### Material provided
◇ ◇ ◇ ◇ ◇

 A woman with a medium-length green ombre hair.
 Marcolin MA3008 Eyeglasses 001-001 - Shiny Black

◇ ◇ ◇ ◇ ◇

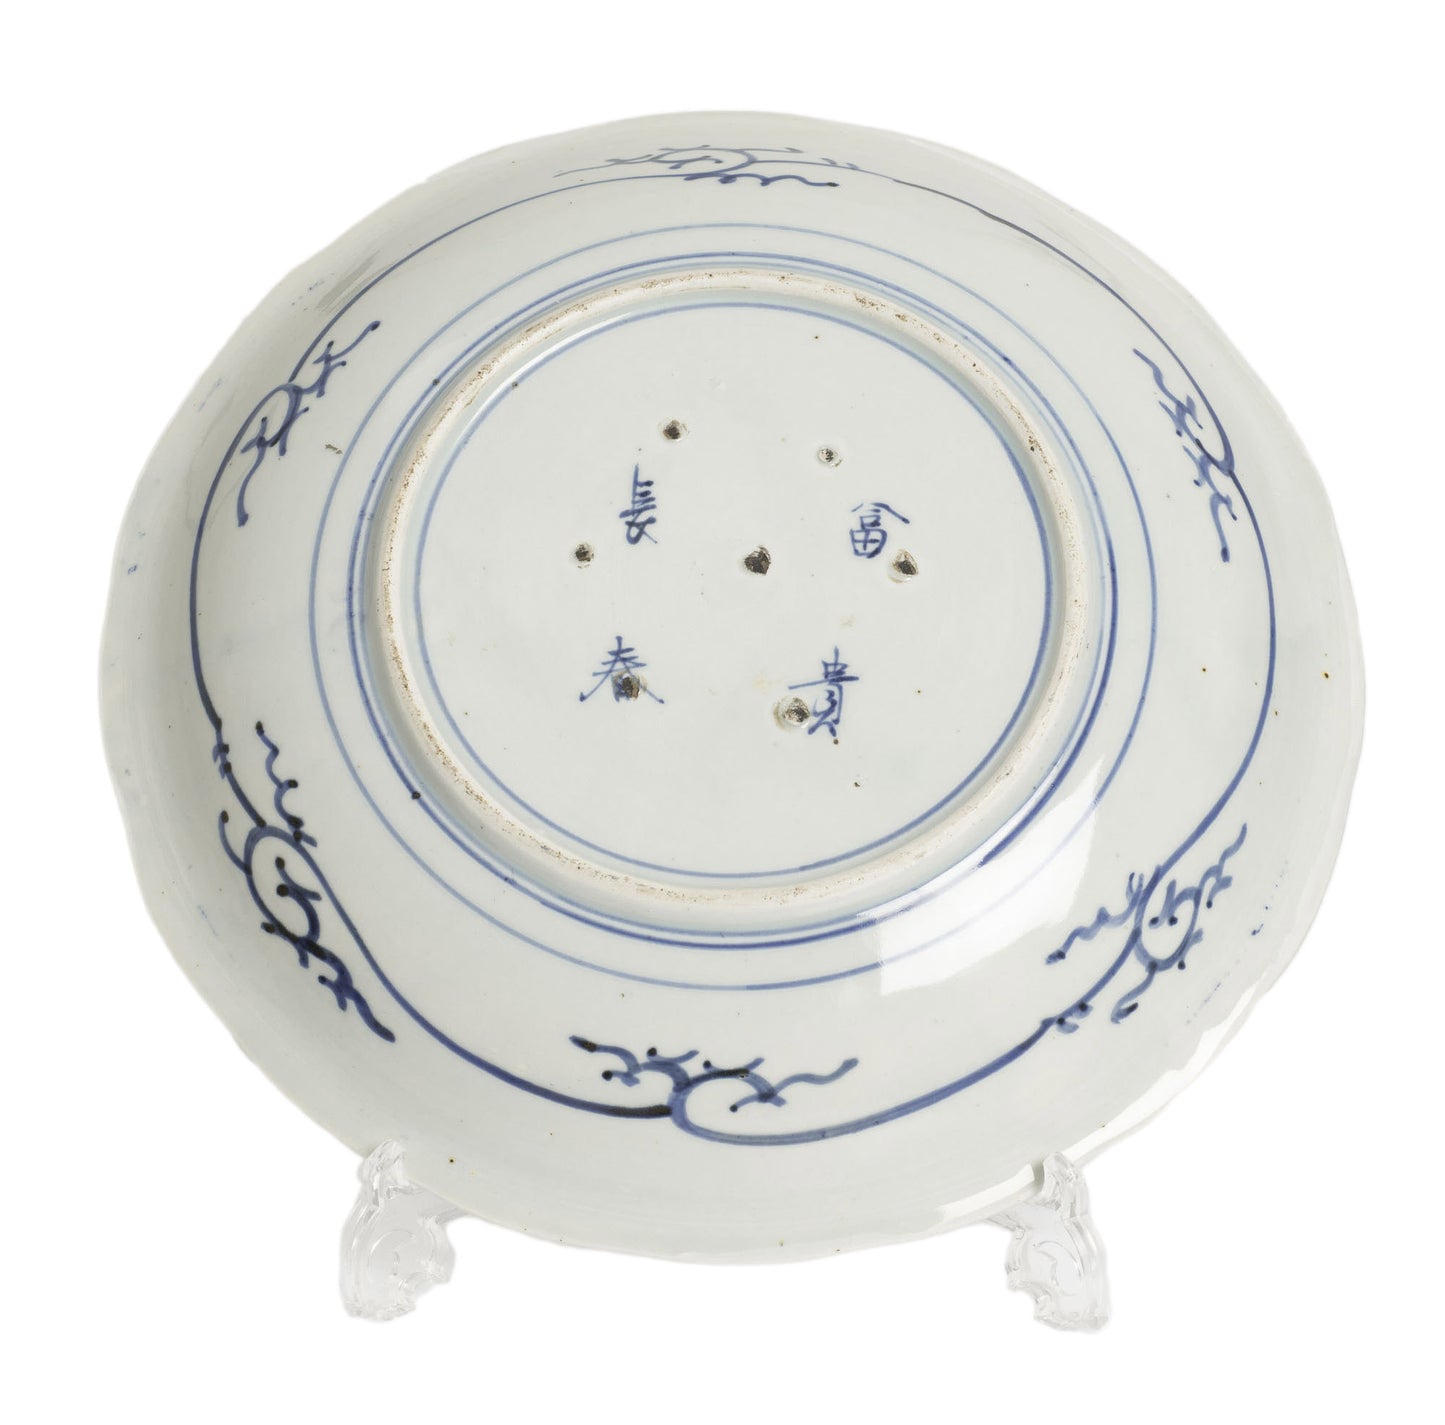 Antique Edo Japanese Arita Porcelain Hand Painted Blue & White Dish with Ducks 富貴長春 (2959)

◇ ◇ ◇ ◇ ◇

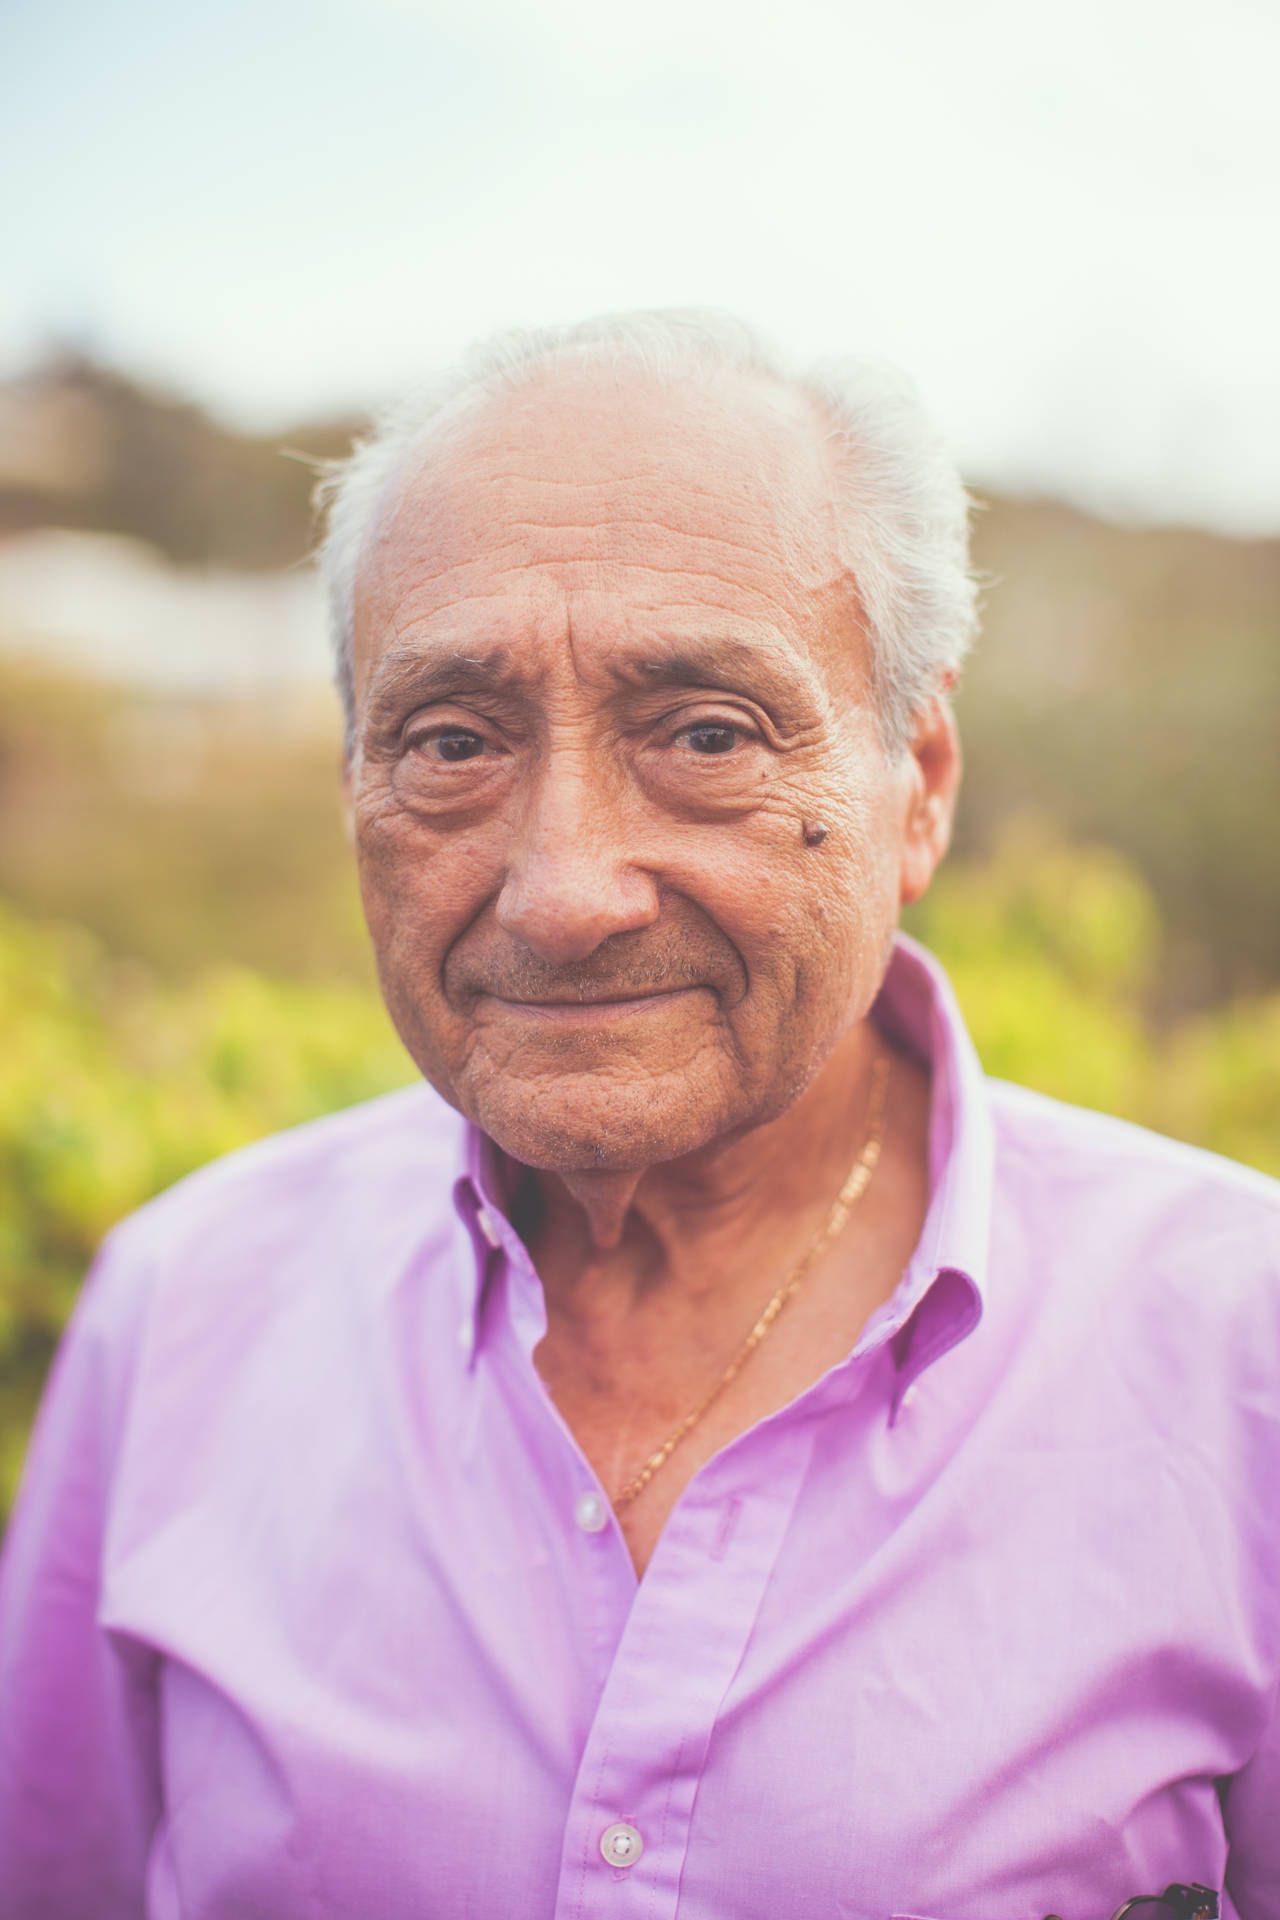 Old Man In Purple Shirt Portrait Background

◇ ◇ ◇ ◇ ◇

### Try it
Write out exactly the lines above from the line with "A woman with" through the line with "Marcolin MA3008 Eyeglasses", both of them included, and leave out all other lines.

### Exercise solution
 A woman with a medium-length green ombre hair.
 Marcolin MA3008 Eyeglasses 001-001 - Shiny Black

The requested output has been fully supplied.